Wie können sich Unternehmen gegen Cyberangriffe schützen?
Als ich Anfang 2020 bei der GEA Group anfing, habe ich mir als Erstes einen Überblick über die Ist-Situation verschafft. Das muss immer der erste Schritt sein. Auf dieser Analyse entwickelten wir dann eine Strategie, wie wir die Aufgaben, die sich daraus ergaben, im Unternehmen verteilen wollten. Wir erarbeiteten ein Dreijahres-Programm und acht strategische Workstreams, also Aufgabenfelder. Nach etwa zwei Jahren haben wir mehr als die Hälfte davon.
Wie organisieren Sie die Arbeit?
Um diese Frage zu beantworten, muss man zwei Dinge unterscheiden: unsere Programmorganisation, also die ebenerwähnten acht Aufgabenfelder, und unsere Linienorganisation. Zum ersten Punkt: Für jeden Workstream habe ich einen oder mehrere Workstreamleads bestimmt, bei denen es sich in der Regel um die jeweiligen Leiter der Fachbereiche handelt. Sie arbeiten bei der Entwicklung der Sicherheitsstrategie mit und implementieren sie auch in ihre Bereiche. Diese Kollegen gehören zwar nicht zu meiner Abteilung, aber sie berichten mir fachlich in Sicherheitshinsicht. Für die Linienorganisation habe ich eine zentrale Abteilung mit etwa 25 Mitarbeitern. Hier arbeiten Experten mit Fachwissen in den unterschiedlichen Sicherheitsbereichen. Diese Mitarbeiter betreuen ihre Fachgebiete zentral. Zusätzlich gibt es Sicherheitsexperten in den Regionen und an den Standorten.
Muss das Thema Cybersicherheit in der Führung angesiedelt sein?
Informationssicherheit ist unbedingt ein sehr wichtiges Thema für jede Unternehmensführung. So ist auch bei der GEA Group, wo es ganz oben angesiedelt ist. Ich berichte quartalsweise dem Prüfungsausschuss des Aufsichtsrats und regelmäßig dem Vorstand.
Wie wichtig ist der Faktor Mensch mit Blick auf die Informationssicherheit?
Die Mitarbeiter sind immer noch eine der größten Schwachstellen, zum Beispiel, weil viele Angriffe über E-Mails starten.

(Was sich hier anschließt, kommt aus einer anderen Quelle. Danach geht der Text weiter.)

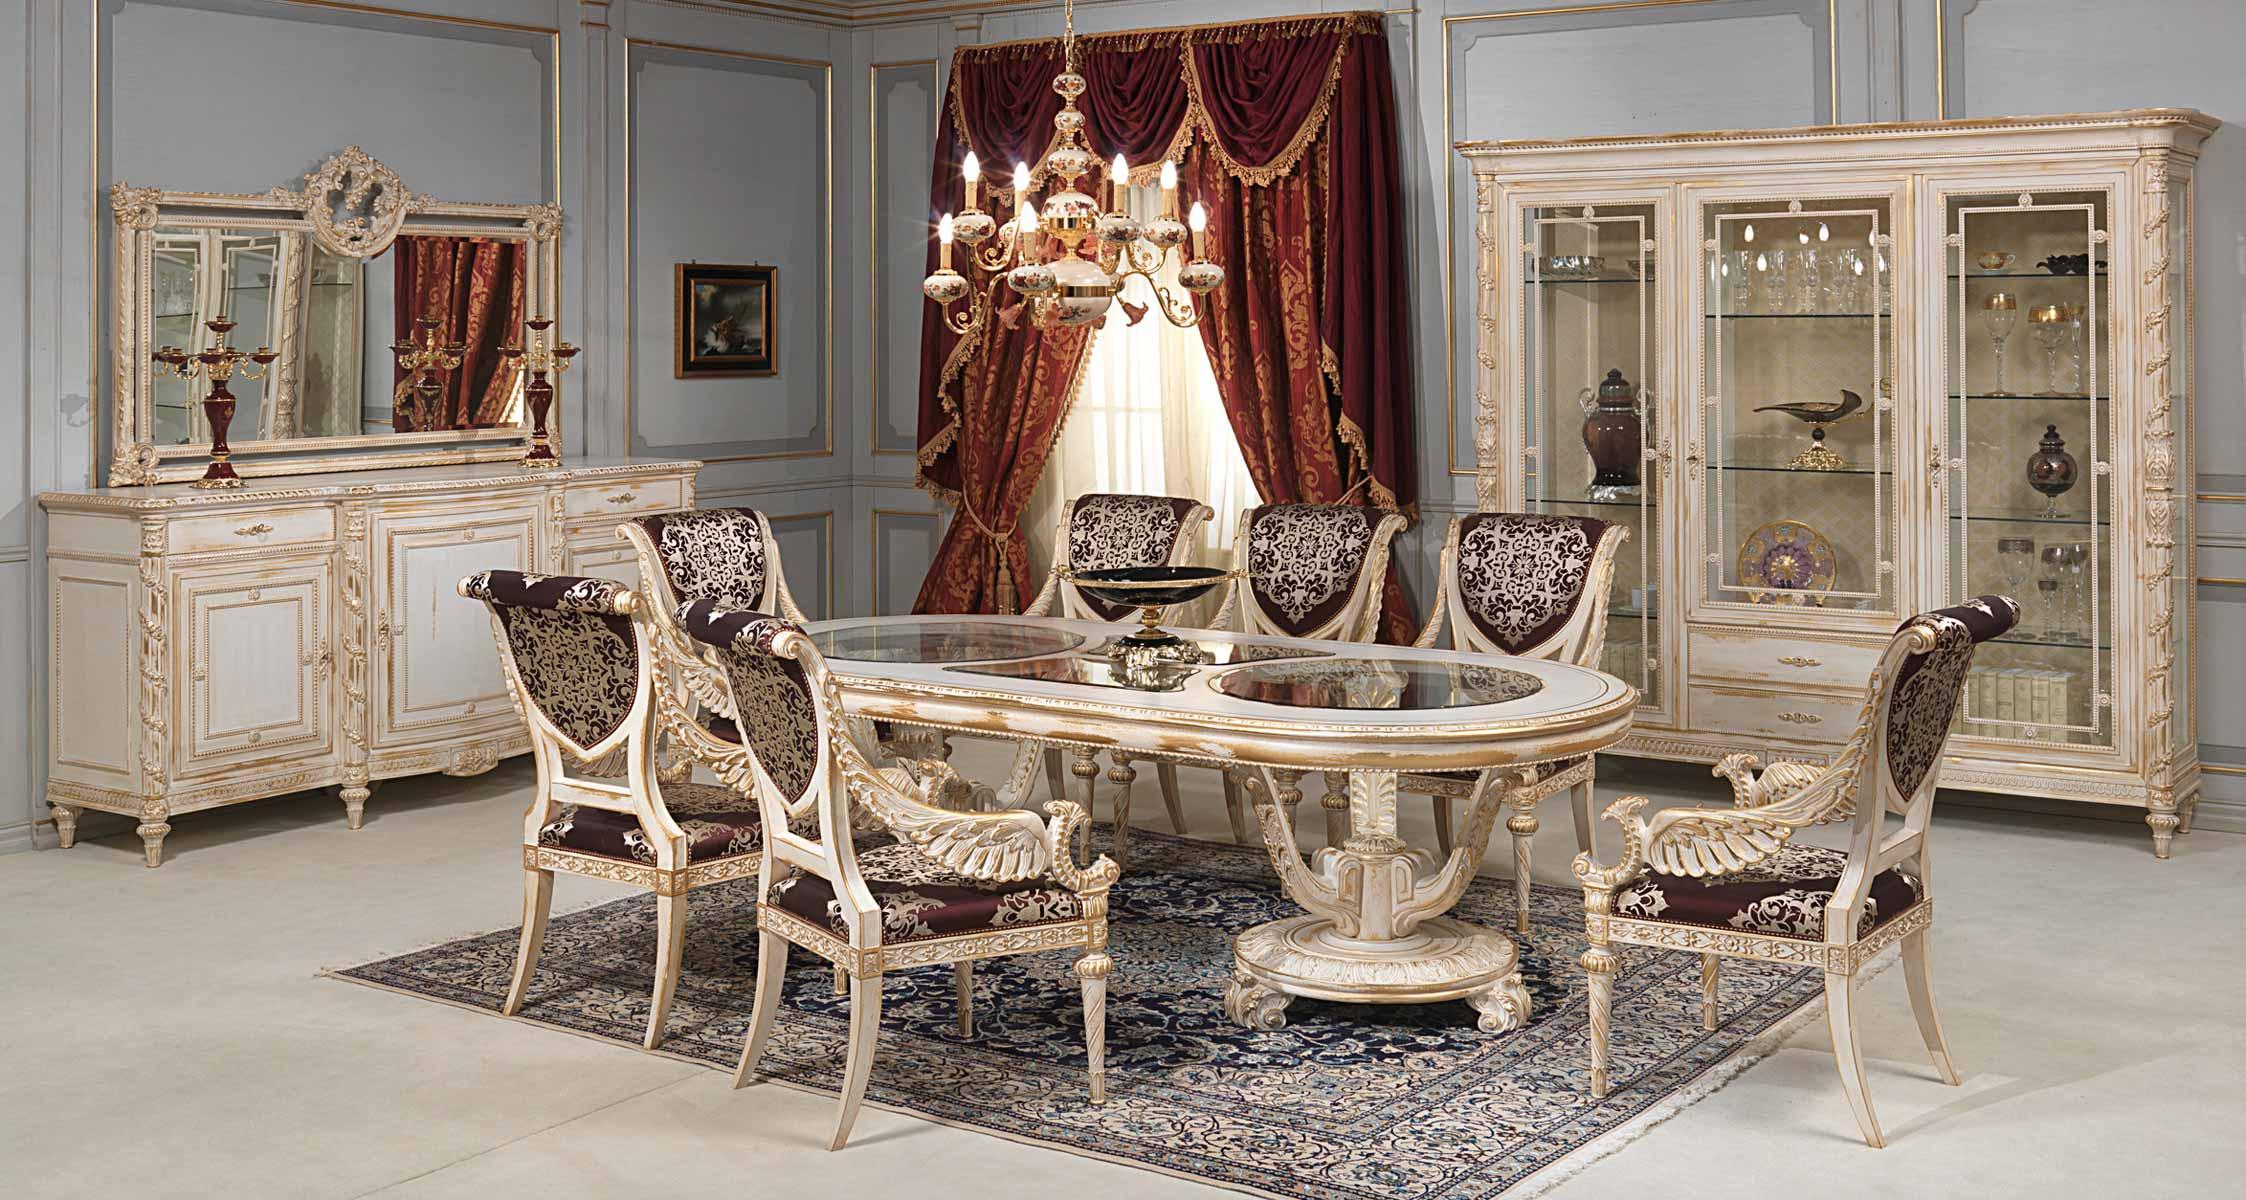 Sala Da Pranzo White And Gold In Stile Luigi Xvi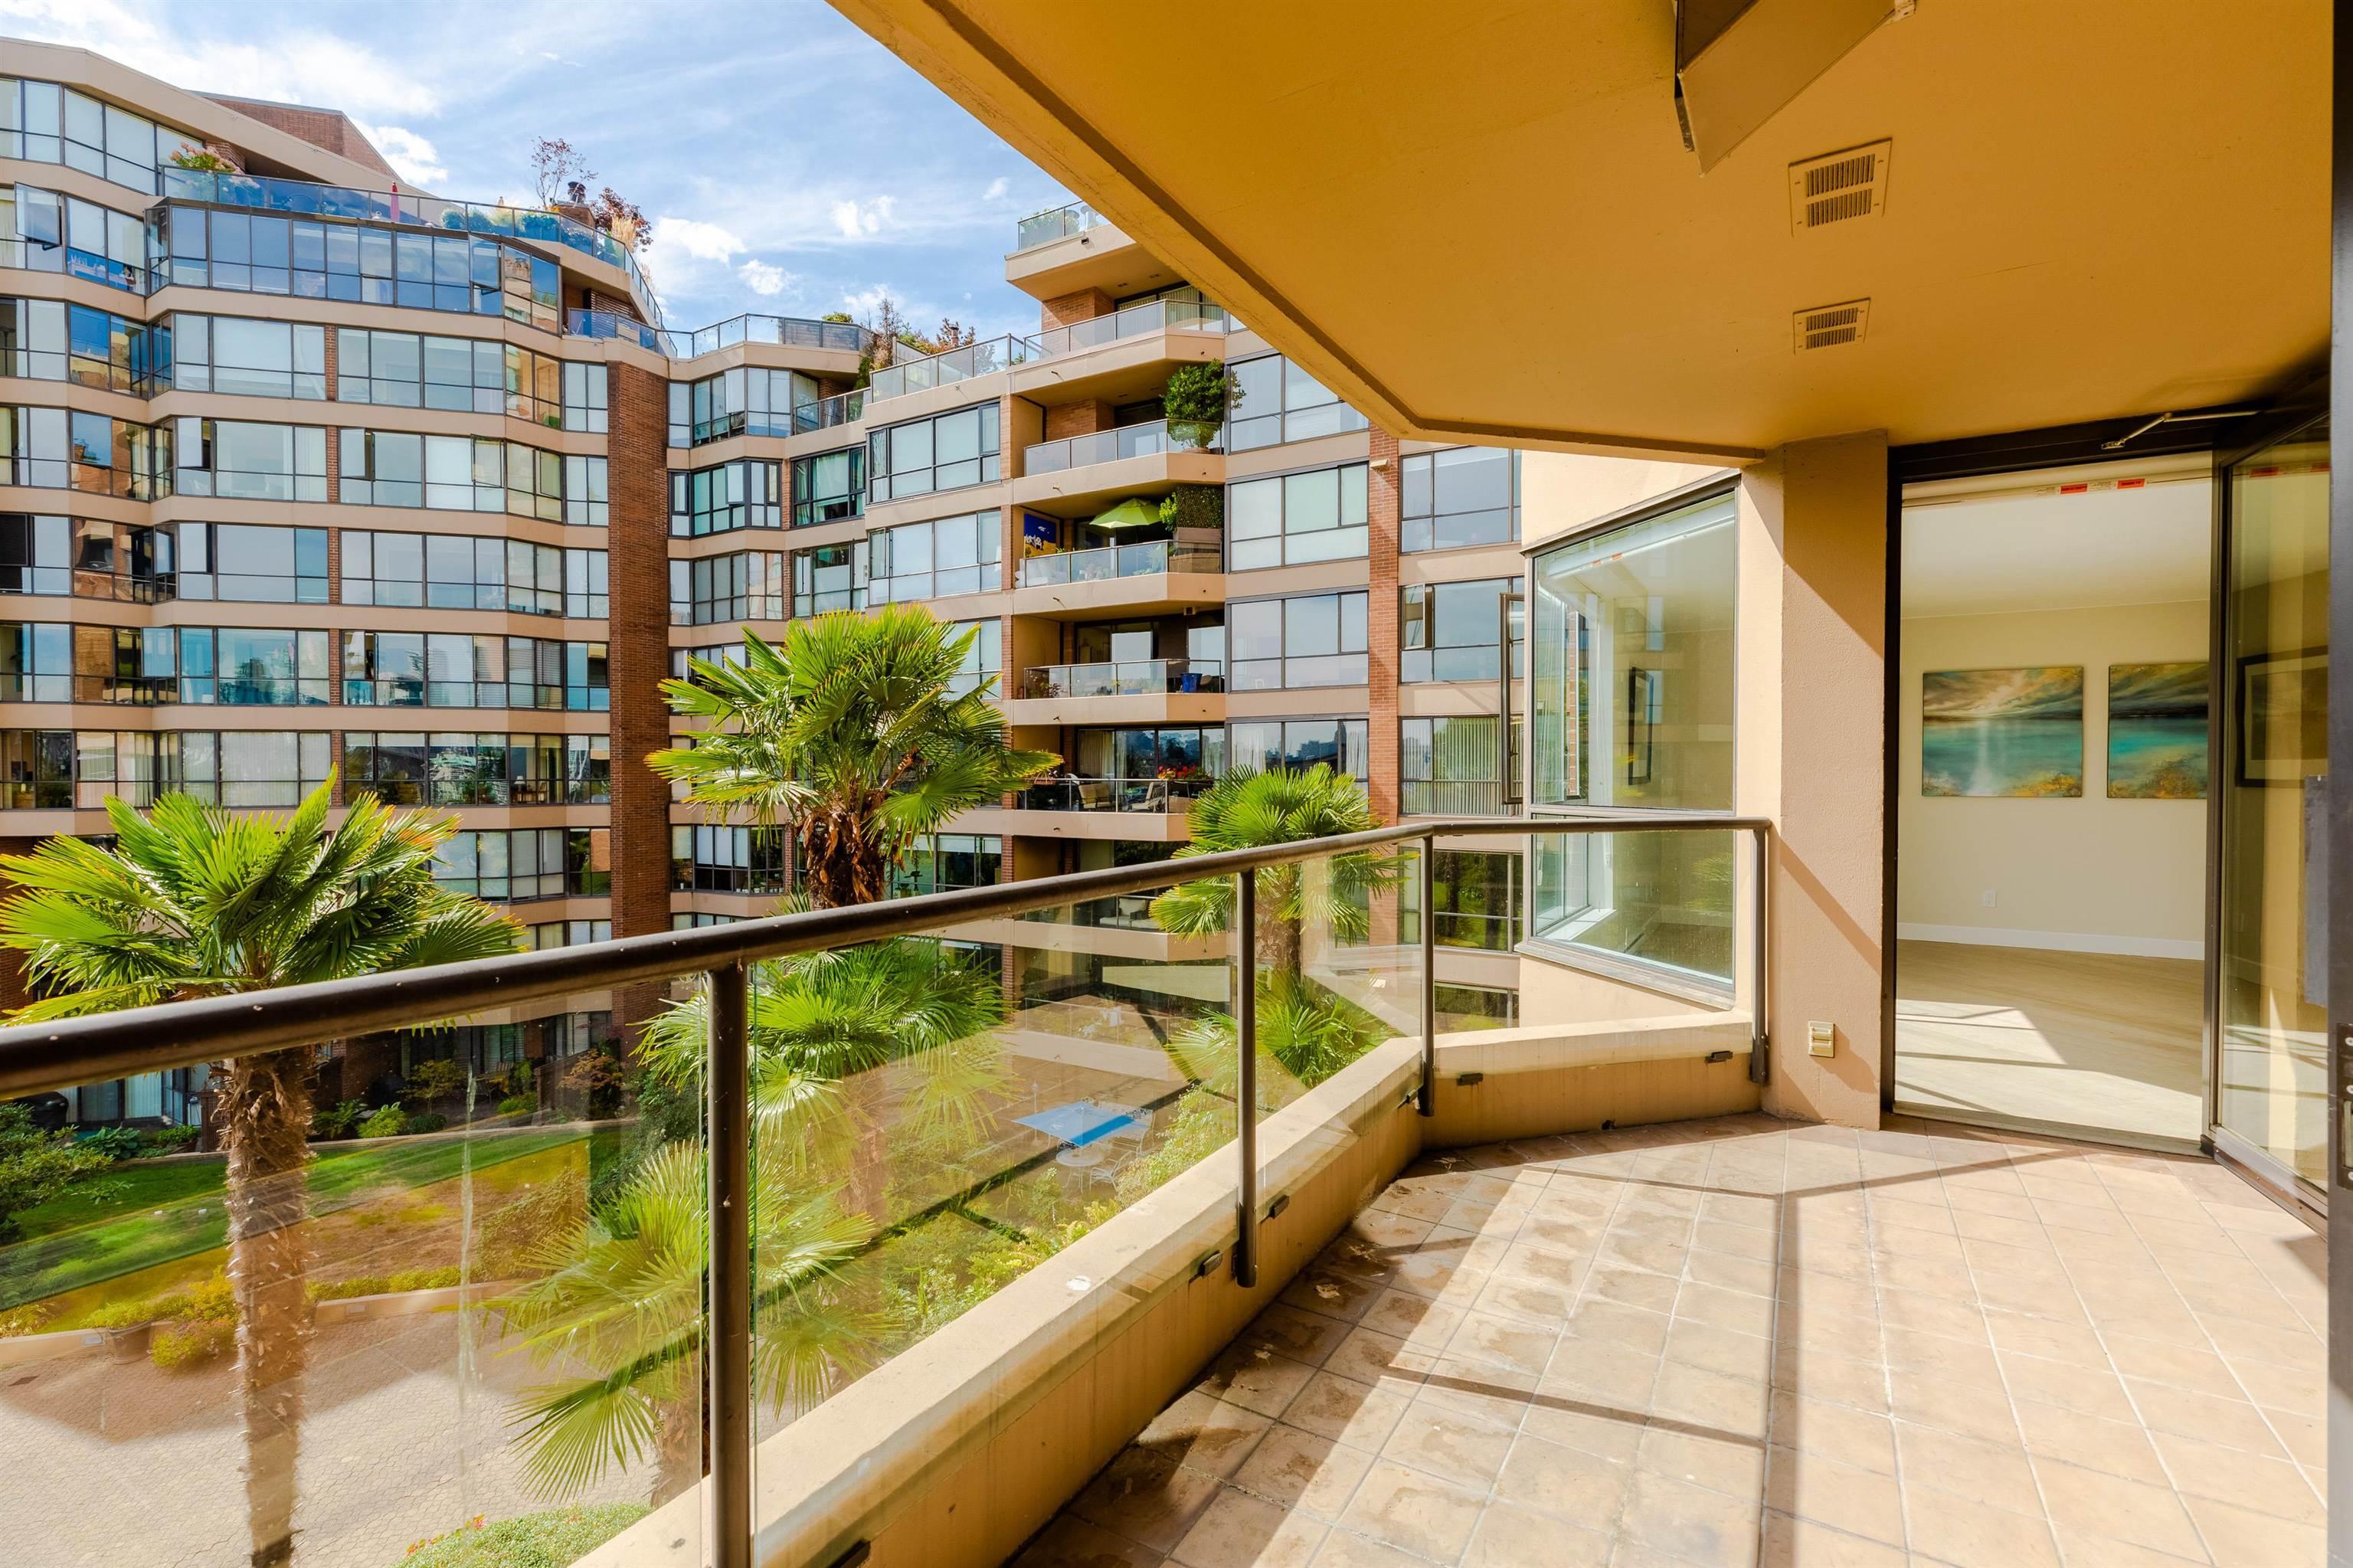 406 1450 PENNYFARTHING DRIVE - False Creek Apartment/Condo for sale, 2 Bedrooms (R2617259) - #37

Daher sind regelmäßige Schulungen und Sensibilisierungsmaßnahmen notwendig. Bei uns ist jeder Mitarbeiter verpflichtet, immer an die Sicherheit zu denken. Wir haben zusätzlich eine ganze Reihe von Maßnahmen wie regelmäßige Awareness-Kampagnen. Am besten ist es aber, mit technischen Maßnahmen möglichst weitgehend zu vermeiden, dass es überhaupt zu menschlichen Fehlern kommt.
Stellt es ein Problem dar, dass Sie auf die Lieferketten und Zulieferer nicht so einen großen Einfluss haben wie auf das eigene Unternehmen?
Wir setzen gegenüber unseren Lieferanten unsere Policy durch und überprüfen sie, bevor wir mit ihnen anfangen zu arbeiten. Aber natürlich können wir nicht überprüfen, ob alle den Sicherheitsanforderungen auch wirklich nachkommen. Wir müssen ihren Nachweisen und Angaben zum großen Teil vertrauen, da wir nicht alle auditieren können. Ein Restrisiko besteht aber natürlich immer.